A programação especial destaca, ainda, um curso presencial sobre a estrela, que vai mergulhar em sua obra, desde a estreia como protagonista em “Mentira Salvadora”, de 1948. As aulas serão realizadas às terças e quintas, das 19h às 21h30, desta terça-feira (2) até dia 16 de junho, a R$ 200.
Lares temporários
Nascida Norma Jeane Baker, em Los Angeles (EUA), antes da fama, Marilyn passou anos em um orfanato e foi adotada por 12 famílias, por fazer parte de um sistema de acolhimento temporário. Orfã de pai, ela foi impedida de ser criada pela mãe, que tinha problemas graves de saúde mental.
Sua infância e adolescência vividas em uma realidade disfuncional e instável impactaram em seus relacionamentos futuros. A primeira vez que se casou foi aos 16 anos, numa união arranjada para que ela não voltasse ao orfanato.
Marilyn foi descoberta quando trabalhava em uma fábrica de peças de avião, em 1944. O fotógrafo militar David Conover viu potencial nela como modelo e a fotografou, abrindo caminho para uma carreira de sucesso. Já com novo visual, em que os cabelos naturalmente castanhos foram substituídos pelo icônico loiro platinado, chamou logo a atenção de Hollywood.
A então aspirante a atriz assinaria seu primeiro contrato, em 1946, com 20th Century Fox, e, no ano seguinte, fez um papel pequeno em "Sua Alteza, a Secretária", marcando sua estreia no cinema.
Anos depois, ela despontou em filmes como "A Malvada" (1950), estrelada por Bette Davis, mas foi com seus papéis em "Torrente de Paixão" e "Os Homens Preferem as Loiras" que seu trabalho ganhou projeção, em 1953. A carreira se consolidou em filmes seguintes, como "Como Agarrar um Milionário" e "O Rio das Almas Perdidas".
A consagração veio com "O Pecado Mora ao Lado" — e com a cena icônica em que ela aparece segurando seu vestindo esvoaçante sobre a grade de ventilação do metrô, recriada (ou parodiada) em outros filmes, como em "A Dama de Vermelho" (1984).
Marilyn estrelou também outros clássicos, como "Nunca Fui Santa" e "Quanto Mais Quente Melhor". Ela é lembrada também recorrentemente pelo episódio em que canta, sensualmente "Happy Birthday, Mr. President", em 1962, para o então presidente dos EUA, John F. Kennedy, com quem teria tido um affair.
Com uma carreira relativamente curta, a estrela morreu aos 36 anos, em sua casa, em Los Angeles, segundo laudo oficial, em decorrência de uma overdose aguda de barbitúricos, em 4 de agosto de 1962. Na época, ela filmava a comédia romântica "Alguém Tem Que Ceder", com Dean Martin, projeto que depois foi engavetado.
Ícone pop
Além de ícone do cinema, Marilyn Monroe também foi uma grande influência para a cultura pop do século 20. A referência para Madonna foi muito além de seu cobiçado cabelo platinado, que a cantora usou na época do álbum "True Blue", de 1986.
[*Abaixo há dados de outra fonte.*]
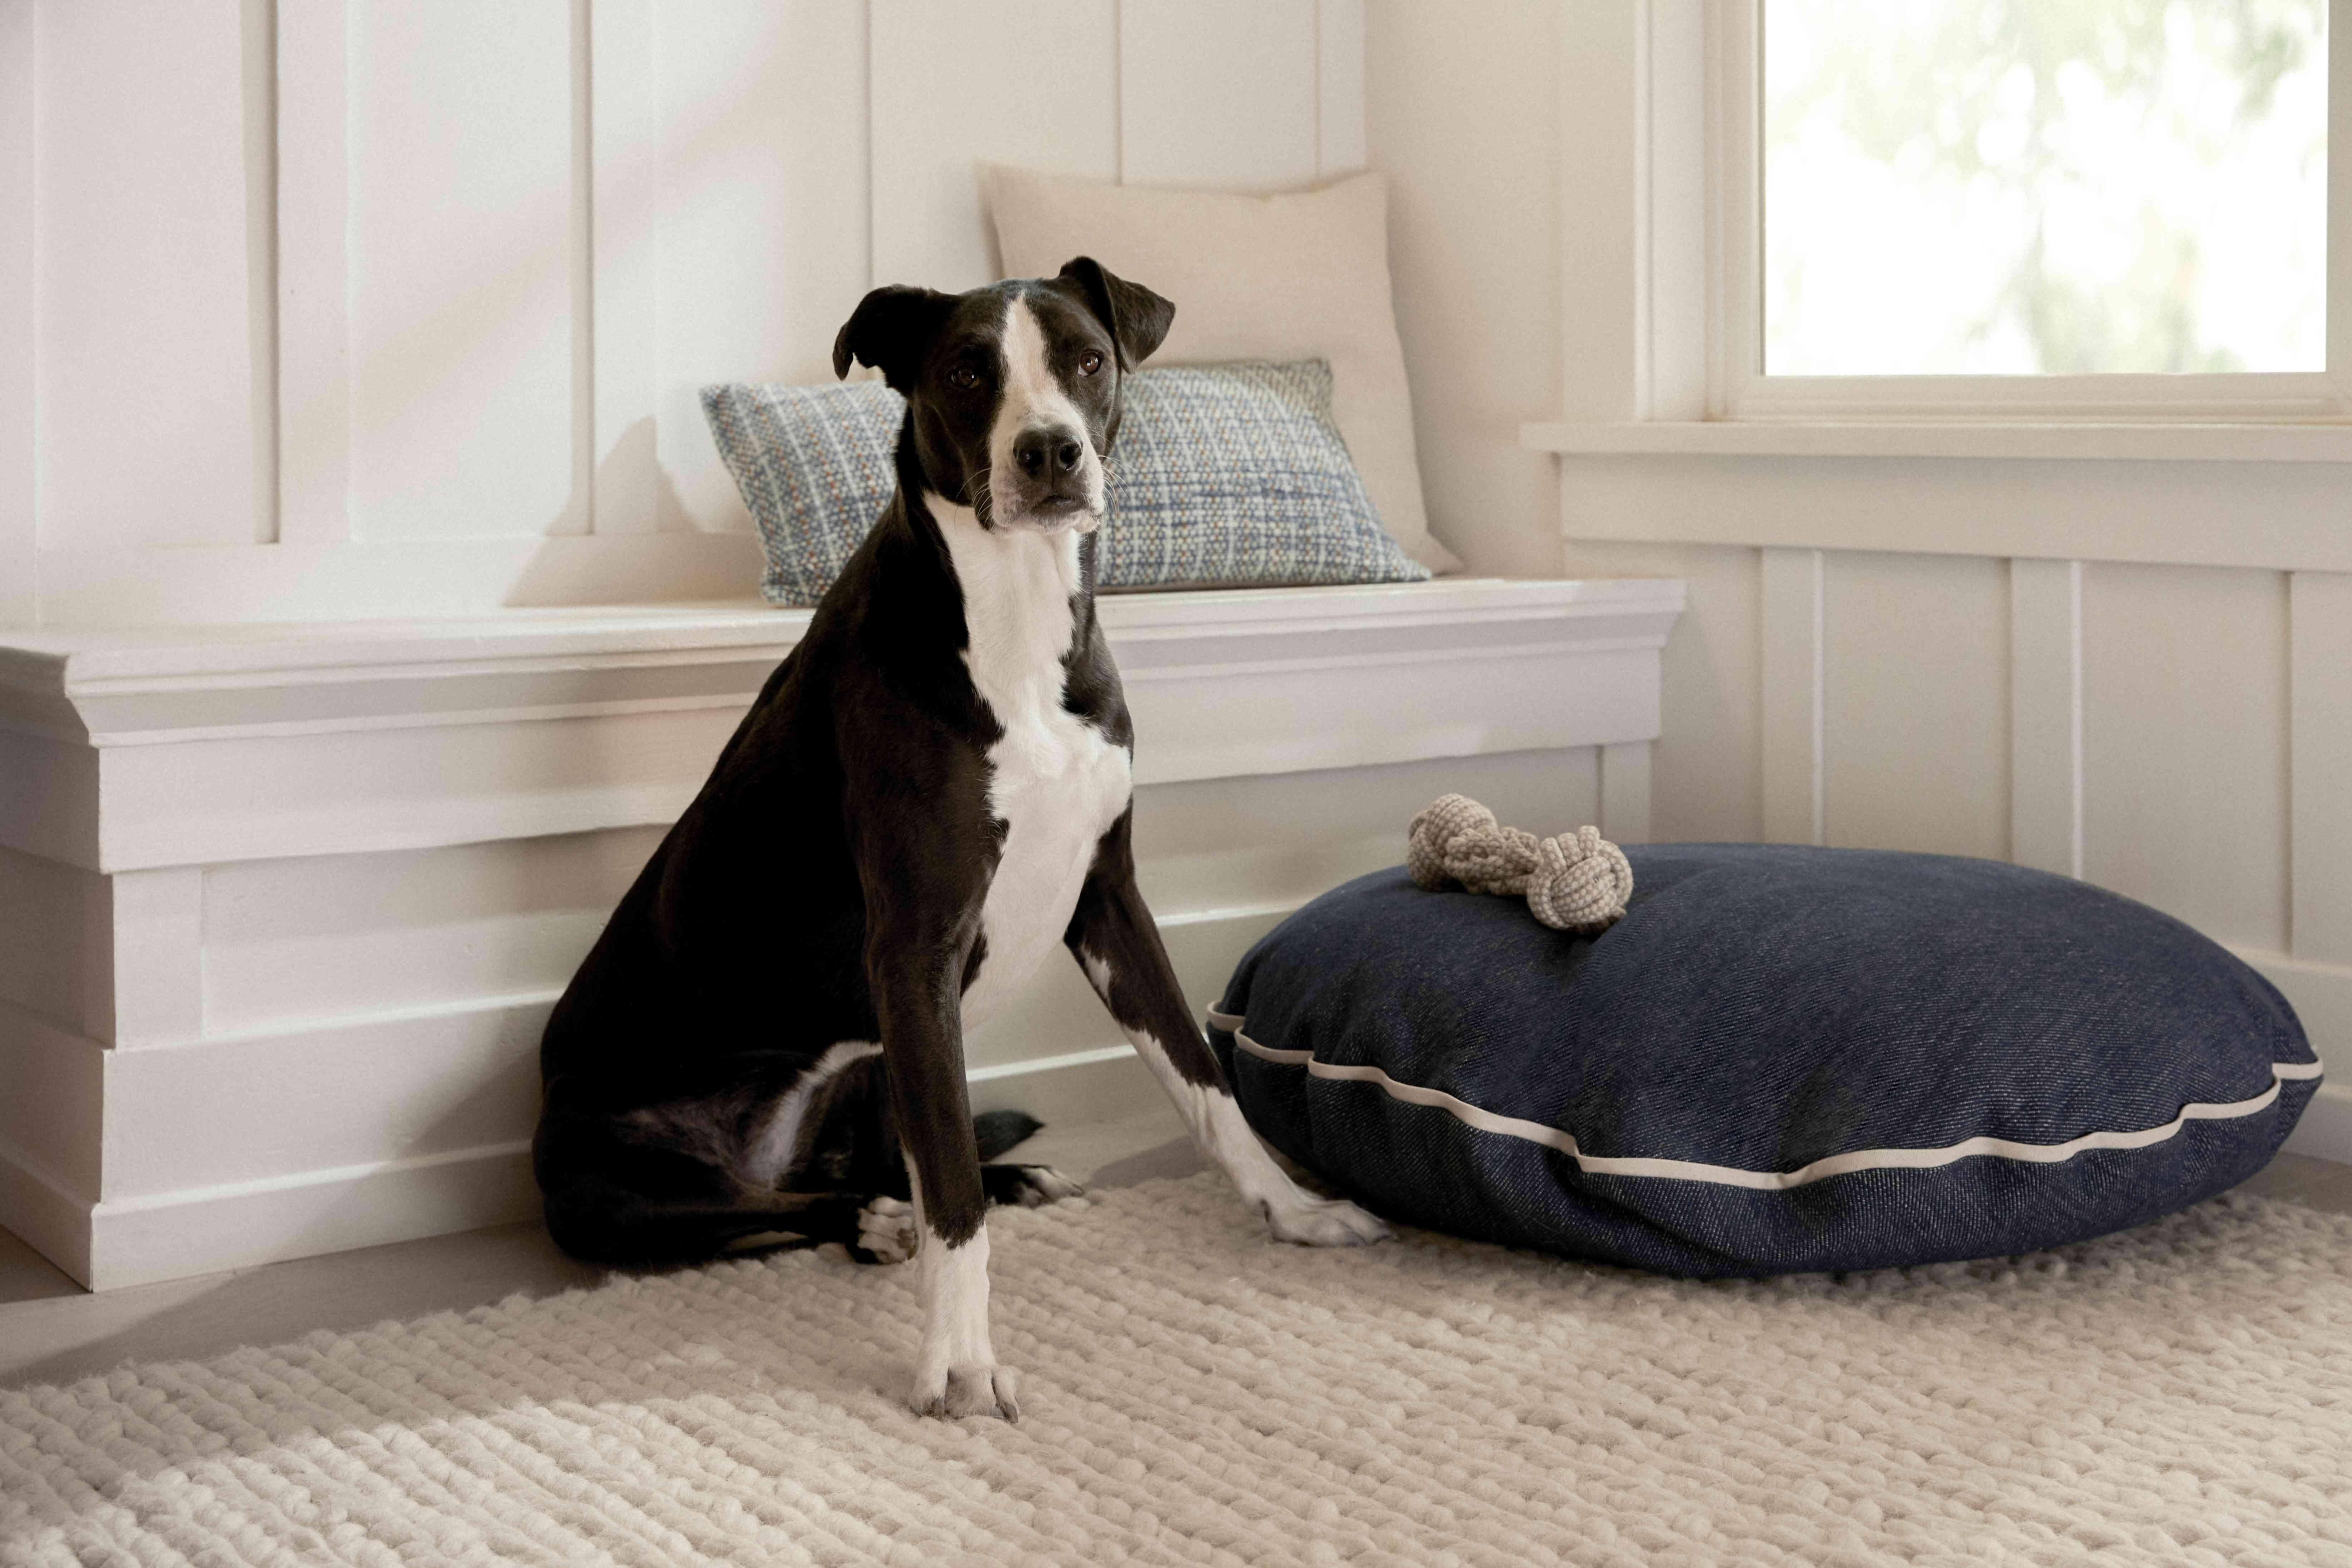 Madewell x Parachute denim dog bed

As duas foram símbolos da revolução sexual feminina, cada uma em seu tempo, e Madonna literalmente a homenageou no início da carreira, quando lançou o disco "Like a Virgin" (1984): no clipe "Material Girl", ela imita a performance de Marilyn cantando "Diamonds Are a Girl's Best Friend", do clássico "Os Homens Preferem as Loiras".
Em 1967, o artista visual Andy Warhol a retratou em um portfólio composto por dez serigrafias, que se tornou o símbolo máximo da pop art. O trabalho é inspirado em uma fotografia do filme "Torrente de Paixão", de autoria de Gene Kornman.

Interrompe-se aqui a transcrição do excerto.